### Exercise objective
Return the following from the records below: each line, word for word, starting with the line that contains "yixing feito mão" and going on through the line that contains "El comunicado emitido", with nothing outside that range.

### Data to examine
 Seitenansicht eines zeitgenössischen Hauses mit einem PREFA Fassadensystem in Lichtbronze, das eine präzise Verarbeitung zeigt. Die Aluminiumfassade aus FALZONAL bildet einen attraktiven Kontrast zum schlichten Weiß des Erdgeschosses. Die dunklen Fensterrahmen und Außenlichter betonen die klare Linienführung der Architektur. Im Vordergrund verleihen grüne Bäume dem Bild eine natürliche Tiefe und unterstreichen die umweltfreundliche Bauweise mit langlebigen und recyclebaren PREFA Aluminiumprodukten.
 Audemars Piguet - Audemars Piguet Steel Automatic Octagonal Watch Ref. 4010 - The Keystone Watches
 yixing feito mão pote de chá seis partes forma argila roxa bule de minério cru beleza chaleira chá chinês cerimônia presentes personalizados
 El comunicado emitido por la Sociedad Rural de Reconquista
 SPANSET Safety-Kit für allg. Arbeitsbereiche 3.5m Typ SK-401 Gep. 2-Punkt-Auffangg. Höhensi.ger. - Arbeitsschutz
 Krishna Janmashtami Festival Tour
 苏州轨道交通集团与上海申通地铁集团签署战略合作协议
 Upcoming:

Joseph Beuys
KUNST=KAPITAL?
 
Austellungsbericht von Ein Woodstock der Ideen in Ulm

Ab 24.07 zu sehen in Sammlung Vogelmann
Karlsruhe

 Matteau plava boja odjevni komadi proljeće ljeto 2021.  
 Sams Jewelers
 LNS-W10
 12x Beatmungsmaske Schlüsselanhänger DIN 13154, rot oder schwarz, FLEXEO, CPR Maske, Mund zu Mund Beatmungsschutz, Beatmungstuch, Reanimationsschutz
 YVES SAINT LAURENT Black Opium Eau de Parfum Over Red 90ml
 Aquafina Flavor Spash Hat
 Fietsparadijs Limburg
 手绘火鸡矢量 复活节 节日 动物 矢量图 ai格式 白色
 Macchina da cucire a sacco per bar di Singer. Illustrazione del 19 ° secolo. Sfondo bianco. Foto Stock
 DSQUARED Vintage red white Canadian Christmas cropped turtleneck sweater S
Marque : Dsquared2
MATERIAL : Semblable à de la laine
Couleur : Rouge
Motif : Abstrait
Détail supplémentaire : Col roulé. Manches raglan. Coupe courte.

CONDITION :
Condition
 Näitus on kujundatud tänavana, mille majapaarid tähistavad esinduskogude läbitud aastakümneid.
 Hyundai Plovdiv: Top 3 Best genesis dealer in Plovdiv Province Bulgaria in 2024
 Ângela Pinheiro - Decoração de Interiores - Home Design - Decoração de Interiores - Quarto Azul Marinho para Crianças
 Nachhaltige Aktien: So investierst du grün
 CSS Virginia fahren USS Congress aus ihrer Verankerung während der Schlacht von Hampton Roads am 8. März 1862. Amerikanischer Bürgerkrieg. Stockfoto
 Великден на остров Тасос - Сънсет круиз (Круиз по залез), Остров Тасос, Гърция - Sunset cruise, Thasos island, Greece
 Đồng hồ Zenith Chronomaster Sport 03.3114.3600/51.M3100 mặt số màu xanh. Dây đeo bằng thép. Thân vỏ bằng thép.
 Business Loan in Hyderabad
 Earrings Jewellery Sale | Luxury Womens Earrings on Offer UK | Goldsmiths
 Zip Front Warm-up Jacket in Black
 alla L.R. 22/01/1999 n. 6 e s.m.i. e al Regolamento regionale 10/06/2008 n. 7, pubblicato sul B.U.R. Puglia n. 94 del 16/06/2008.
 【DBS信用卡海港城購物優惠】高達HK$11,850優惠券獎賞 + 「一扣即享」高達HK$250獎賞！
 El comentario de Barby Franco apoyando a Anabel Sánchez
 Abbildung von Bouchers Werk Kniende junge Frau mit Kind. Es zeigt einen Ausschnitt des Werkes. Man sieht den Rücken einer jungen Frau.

### Task result
 yixing feito mão pote de chá seis partes forma argila roxa bule de minério cru beleza chaleira chá chinês cerimônia presentes personalizados
 El comunicado emitido por la Sociedad Rural de Reconquista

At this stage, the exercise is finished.